Esa misma tarde, el antiguo profesor, viendo la profunda atención que su compañera Cándida mostraba ante el “tostón” geopolítico y globalizador que el conferenciante, un ilustre catedrático jubilado de derecho internacional, exponía, elevando mucho el nivel conceptual, llegaba a preguntarse ¿qué le interesará a esta buena señora una conferencia sólo apta para expertos en el tema? A su finalización, como solían hacer los dos veteranos amigos, no pudo por menos preguntarle por esa intensa atención que Cándida había mostrado durante la árida y compleja disertación. “Duro el contenido de este ilustre catedrático ¿verdad?”

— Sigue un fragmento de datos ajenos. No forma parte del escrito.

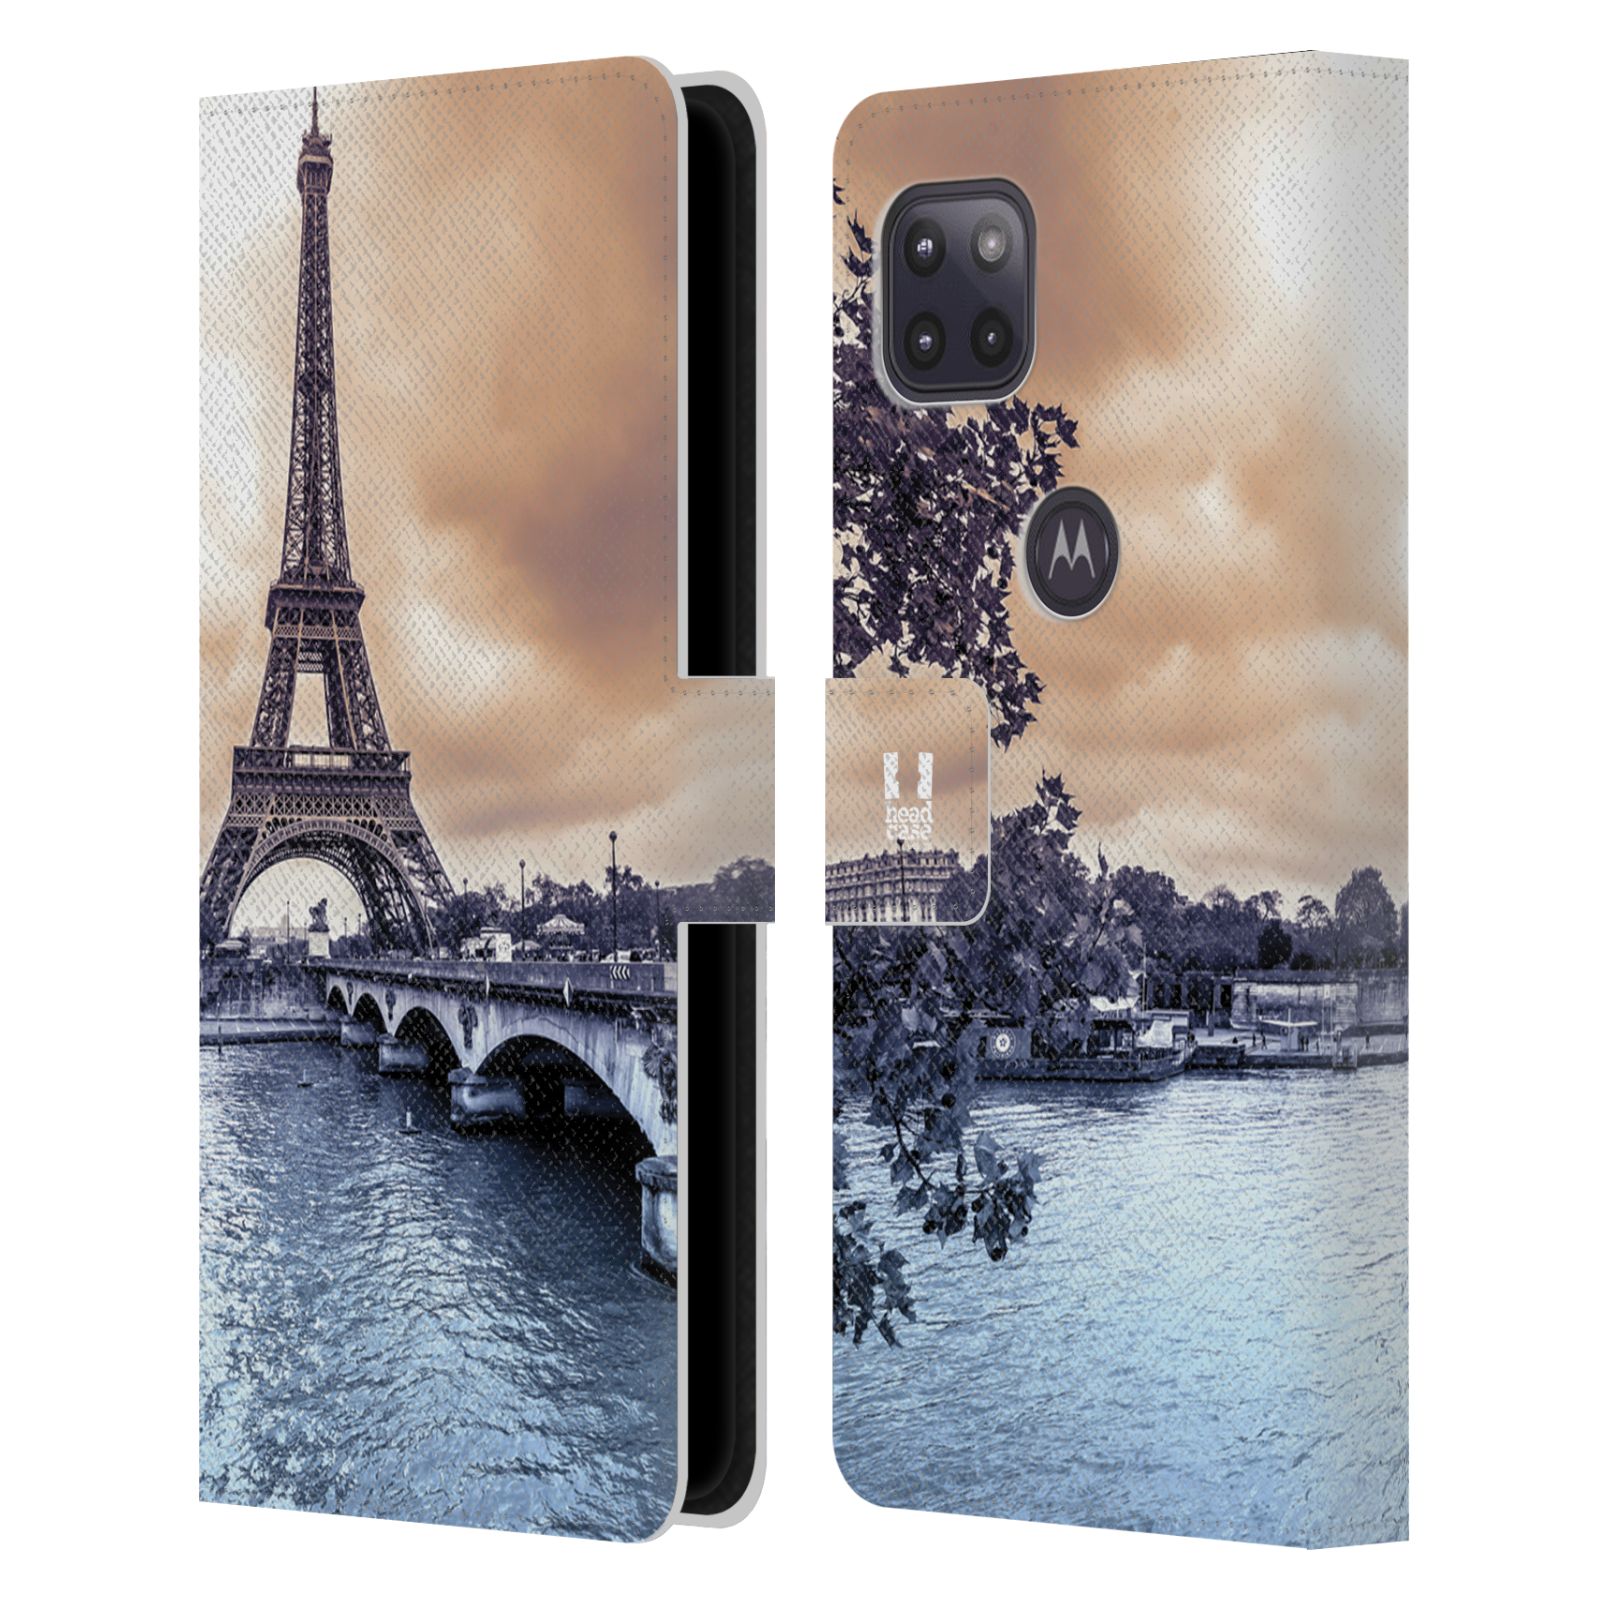 Pouzdro pro mobil Motorola Moto G 5G - HEAD CASE - Eiffelova věž Paříž - Francie
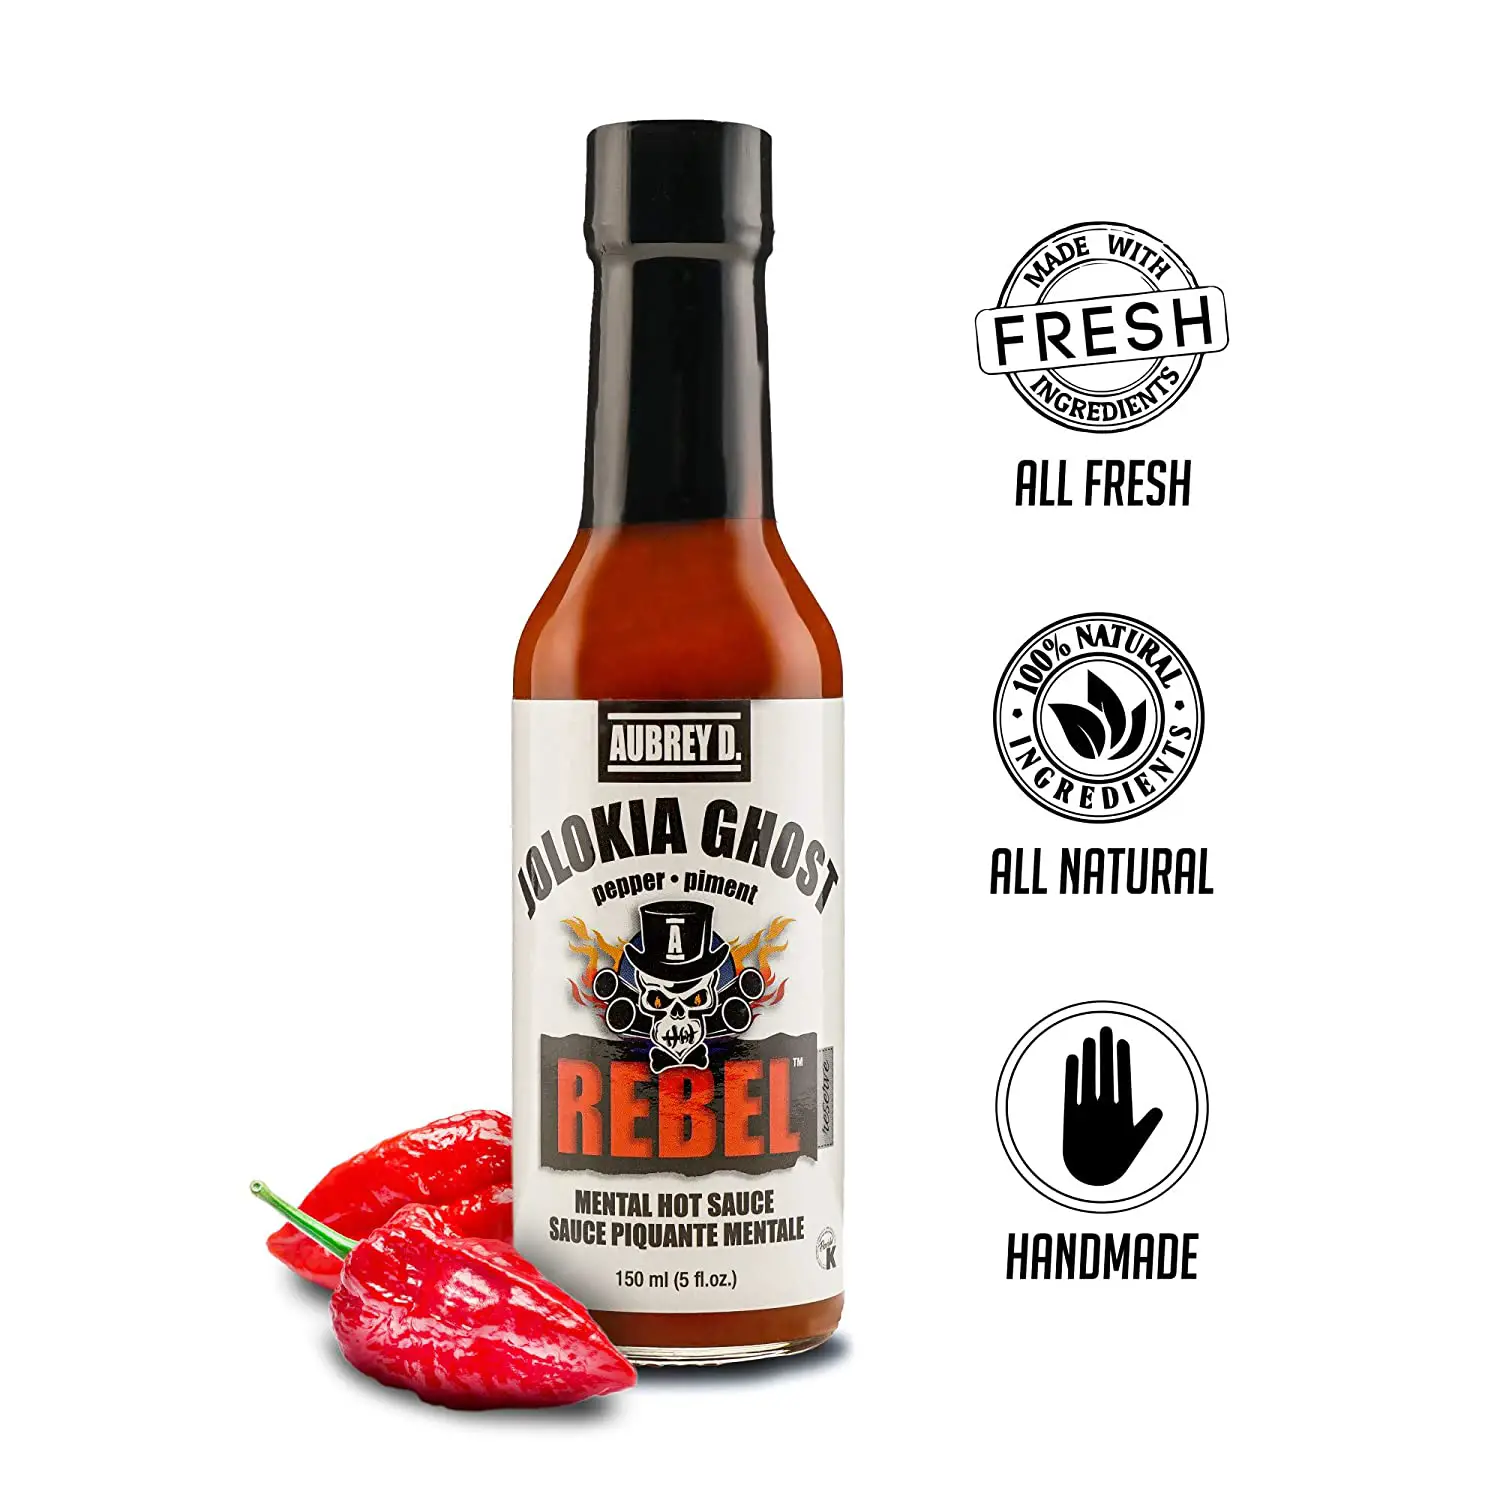 Aubrey D. Rebel Jolokia Ghost Hot Sauce, Hottest Natural ...

La buena señora, mirando con una sonrisa a su amigo de asistente cultural, le respondió con absoluta franqueza. Sencillez y hermosura:
“Seguro, amigo Leandro, que lo expuesto por este “sabio” señor ha tenido ser muy interesante e importante. Pero yo no me he enterado de nada. Es como si me hubiese hablado en chino”. ¿Y esto le ocurre con frecuencia, doña Cándida? En la mayoría de estas conferencias y diálogos me ocurre lo mismo. Mi vida ha sido la cocina, los platos y la comanda de los camareros. “En absoluto quiero o pretendo ser impertinente o irrespetuosa. ¿Por qué entonces acude a todas estas sesiones de tan alto nivel, para personas no expertas? Esta vez seré yo quien le va a invitar a un café bien calentito, don Leandro. Nos sentamos y se lo explico con claridad.”
“Para no quedarme encerrada en casa, me echo a la calle y tengo un local gratis a donde ir. Me veo rodeada de señores que seguro saben mucho más que yo. Aunque no me esté enterando de lo que se está hablando el conferenciante, me fijo en cómo va vestido, en los movimientos que hace con las manos, con sus ojos, en las palabras que repite, en como está actuando. Es como si estuviera en el teatro. Pienso en lo bien que se lo debe estar pasando, observando la cara de ignorantes de muchos de los presentes. Me digo, lo que debe de haber estudiado, lo que debe haber leído, este hombre de tan difícil palabra ¡Seguro que algo bueno se me pegará. Y pienso lo mal que se podría sentir este sabio señor, si llegara a la sala y se la encontrara medio vacía de asistentes a sus palabras.
El invierno ponen la calefacción y no paso frío. En la primavera y en los meses de calor, me refresco con la refrigeración. Hago buenas amistades, como con Vd. mejorando lo presente. Y, sobre todo, rodeada de tantas personas, me siento menos sola. Ahora me voy a casa, caminando despacito para no resbalar y caerme. Suelo pasar por la buena confitería Aparicio (la del sabor antiguo) y me compro una isabela. Otros días, una cordobesa, una mallorquina de hojaldre o una pareja de bizcochos de Viena. Ceno un poquito de queso y un vasito de leche, con algo de ensalada, que por la noche hay que cuidar la cena. A pesar de mis kilos de más, no quiero perder la línea. Como dice el refrán, “de grandes cenas están las sepulturas llenas”.
Leandro, profundamente emocionado, le respondió con cálido respeto. “Cándida, eres una gran mujer. Le admiro por su sabiduría e inteligencia. Me siento muy honrado con su valiosa amistad. Permítame que hoy sea yo quien la invite al pasar por la confitería que tanto le agrada.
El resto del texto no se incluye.